** Material supplied **
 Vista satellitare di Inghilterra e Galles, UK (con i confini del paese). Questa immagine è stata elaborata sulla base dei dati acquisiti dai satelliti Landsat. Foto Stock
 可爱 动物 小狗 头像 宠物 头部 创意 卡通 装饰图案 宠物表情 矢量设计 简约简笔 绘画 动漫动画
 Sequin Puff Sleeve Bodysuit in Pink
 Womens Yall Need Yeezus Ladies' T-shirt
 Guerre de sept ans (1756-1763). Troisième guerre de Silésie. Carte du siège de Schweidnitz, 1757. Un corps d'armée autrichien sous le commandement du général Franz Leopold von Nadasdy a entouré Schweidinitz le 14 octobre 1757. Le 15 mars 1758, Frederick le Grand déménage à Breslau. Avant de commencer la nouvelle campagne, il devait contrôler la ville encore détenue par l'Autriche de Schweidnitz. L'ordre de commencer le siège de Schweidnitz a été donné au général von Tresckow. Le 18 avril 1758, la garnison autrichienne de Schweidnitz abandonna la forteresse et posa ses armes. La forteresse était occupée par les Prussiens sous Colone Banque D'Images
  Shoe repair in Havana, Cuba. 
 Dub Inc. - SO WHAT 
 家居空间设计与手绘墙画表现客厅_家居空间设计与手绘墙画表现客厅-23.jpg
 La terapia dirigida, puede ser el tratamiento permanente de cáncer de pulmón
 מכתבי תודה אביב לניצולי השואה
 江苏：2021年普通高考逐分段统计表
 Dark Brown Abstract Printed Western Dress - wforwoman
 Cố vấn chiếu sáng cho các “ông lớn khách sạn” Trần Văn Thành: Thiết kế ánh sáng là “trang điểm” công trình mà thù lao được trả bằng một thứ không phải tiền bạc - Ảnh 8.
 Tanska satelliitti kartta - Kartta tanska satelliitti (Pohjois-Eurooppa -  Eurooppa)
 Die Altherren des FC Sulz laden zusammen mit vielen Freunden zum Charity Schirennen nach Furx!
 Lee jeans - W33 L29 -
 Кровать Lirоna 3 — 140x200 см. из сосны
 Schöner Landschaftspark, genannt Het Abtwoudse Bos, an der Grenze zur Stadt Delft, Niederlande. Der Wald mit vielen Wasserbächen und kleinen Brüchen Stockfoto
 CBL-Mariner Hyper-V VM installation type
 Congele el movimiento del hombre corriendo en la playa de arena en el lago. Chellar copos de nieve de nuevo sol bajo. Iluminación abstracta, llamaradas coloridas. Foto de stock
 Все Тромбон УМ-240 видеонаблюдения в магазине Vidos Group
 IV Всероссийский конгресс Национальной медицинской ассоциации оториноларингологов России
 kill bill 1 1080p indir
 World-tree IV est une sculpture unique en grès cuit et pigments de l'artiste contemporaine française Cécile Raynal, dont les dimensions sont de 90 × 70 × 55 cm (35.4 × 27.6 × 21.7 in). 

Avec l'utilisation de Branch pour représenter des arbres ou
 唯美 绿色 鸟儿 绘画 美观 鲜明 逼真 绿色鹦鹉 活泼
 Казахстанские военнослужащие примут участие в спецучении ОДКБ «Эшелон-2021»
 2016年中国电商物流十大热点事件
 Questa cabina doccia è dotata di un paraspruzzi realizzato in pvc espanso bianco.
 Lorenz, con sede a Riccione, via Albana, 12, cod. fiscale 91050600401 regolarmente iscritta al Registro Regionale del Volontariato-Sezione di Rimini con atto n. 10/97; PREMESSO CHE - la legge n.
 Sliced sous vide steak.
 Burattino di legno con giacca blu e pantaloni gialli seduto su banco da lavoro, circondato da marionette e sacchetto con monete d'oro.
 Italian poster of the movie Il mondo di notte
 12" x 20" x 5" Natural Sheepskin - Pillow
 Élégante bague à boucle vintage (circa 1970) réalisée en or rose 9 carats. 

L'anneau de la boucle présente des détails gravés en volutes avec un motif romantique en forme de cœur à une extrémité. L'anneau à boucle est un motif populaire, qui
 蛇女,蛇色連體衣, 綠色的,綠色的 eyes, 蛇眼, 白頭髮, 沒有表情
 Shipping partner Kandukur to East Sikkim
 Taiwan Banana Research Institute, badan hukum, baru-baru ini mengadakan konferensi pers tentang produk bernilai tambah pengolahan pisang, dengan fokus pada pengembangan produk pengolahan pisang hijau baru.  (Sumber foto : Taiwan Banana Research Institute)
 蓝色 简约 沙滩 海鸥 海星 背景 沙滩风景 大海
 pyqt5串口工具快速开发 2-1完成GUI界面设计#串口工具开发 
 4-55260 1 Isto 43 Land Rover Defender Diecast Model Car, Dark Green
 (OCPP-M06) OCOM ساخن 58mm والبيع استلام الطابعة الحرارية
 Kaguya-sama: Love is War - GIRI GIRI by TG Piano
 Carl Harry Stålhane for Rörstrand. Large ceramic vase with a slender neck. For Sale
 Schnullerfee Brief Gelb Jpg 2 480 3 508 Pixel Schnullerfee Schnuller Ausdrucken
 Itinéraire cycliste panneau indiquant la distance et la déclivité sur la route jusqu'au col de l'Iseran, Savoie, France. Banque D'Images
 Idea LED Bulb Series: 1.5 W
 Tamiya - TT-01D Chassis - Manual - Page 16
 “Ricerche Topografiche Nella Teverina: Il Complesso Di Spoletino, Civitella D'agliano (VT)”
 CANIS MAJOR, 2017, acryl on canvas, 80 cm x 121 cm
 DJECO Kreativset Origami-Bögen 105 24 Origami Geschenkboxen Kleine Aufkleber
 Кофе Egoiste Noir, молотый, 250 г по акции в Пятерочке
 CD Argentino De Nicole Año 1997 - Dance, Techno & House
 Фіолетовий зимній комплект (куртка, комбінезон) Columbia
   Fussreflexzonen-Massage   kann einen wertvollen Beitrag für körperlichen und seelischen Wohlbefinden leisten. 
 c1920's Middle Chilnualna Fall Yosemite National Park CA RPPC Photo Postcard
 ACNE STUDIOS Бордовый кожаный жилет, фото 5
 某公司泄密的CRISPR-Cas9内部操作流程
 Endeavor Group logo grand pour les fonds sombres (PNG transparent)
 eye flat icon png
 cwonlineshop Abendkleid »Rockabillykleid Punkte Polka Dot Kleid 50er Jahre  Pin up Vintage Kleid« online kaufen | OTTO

** What is expected **
Look back at the entries above. Retype the line with "Itinéraire cycliste panneau", the line with "某公司泄密的CRISPR-Cas9内部操作流程", and all lines in between.

** Response box **
 Itinéraire cycliste panneau indiquant la distance et la déclivité sur la route jusqu'au col de l'Iseran, Savoie, France. Banque D'Images
 Idea LED Bulb Series: 1.5 W
 Tamiya - TT-01D Chassis - Manual - Page 16
 “Ricerche Topografiche Nella Teverina: Il Complesso Di Spoletino, Civitella D'agliano (VT)”
 CANIS MAJOR, 2017, acryl on canvas, 80 cm x 121 cm
 DJECO Kreativset Origami-Bögen 105 24 Origami Geschenkboxen Kleine Aufkleber
 Кофе Egoiste Noir, молотый, 250 г по акции в Пятерочке
 CD Argentino De Nicole Año 1997 - Dance, Techno & House
 Фіолетовий зимній комплект (куртка, комбінезон) Columbia
   Fussreflexzonen-Massage   kann einen wertvollen Beitrag für körperlichen und seelischen Wohlbefinden leisten. 
 c1920's Middle Chilnualna Fall Yosemite National Park CA RPPC Photo Postcard
 ACNE STUDIOS Бордовый кожаный жилет, фото 5
 某公司泄密的CRISPR-Cas9内部操作流程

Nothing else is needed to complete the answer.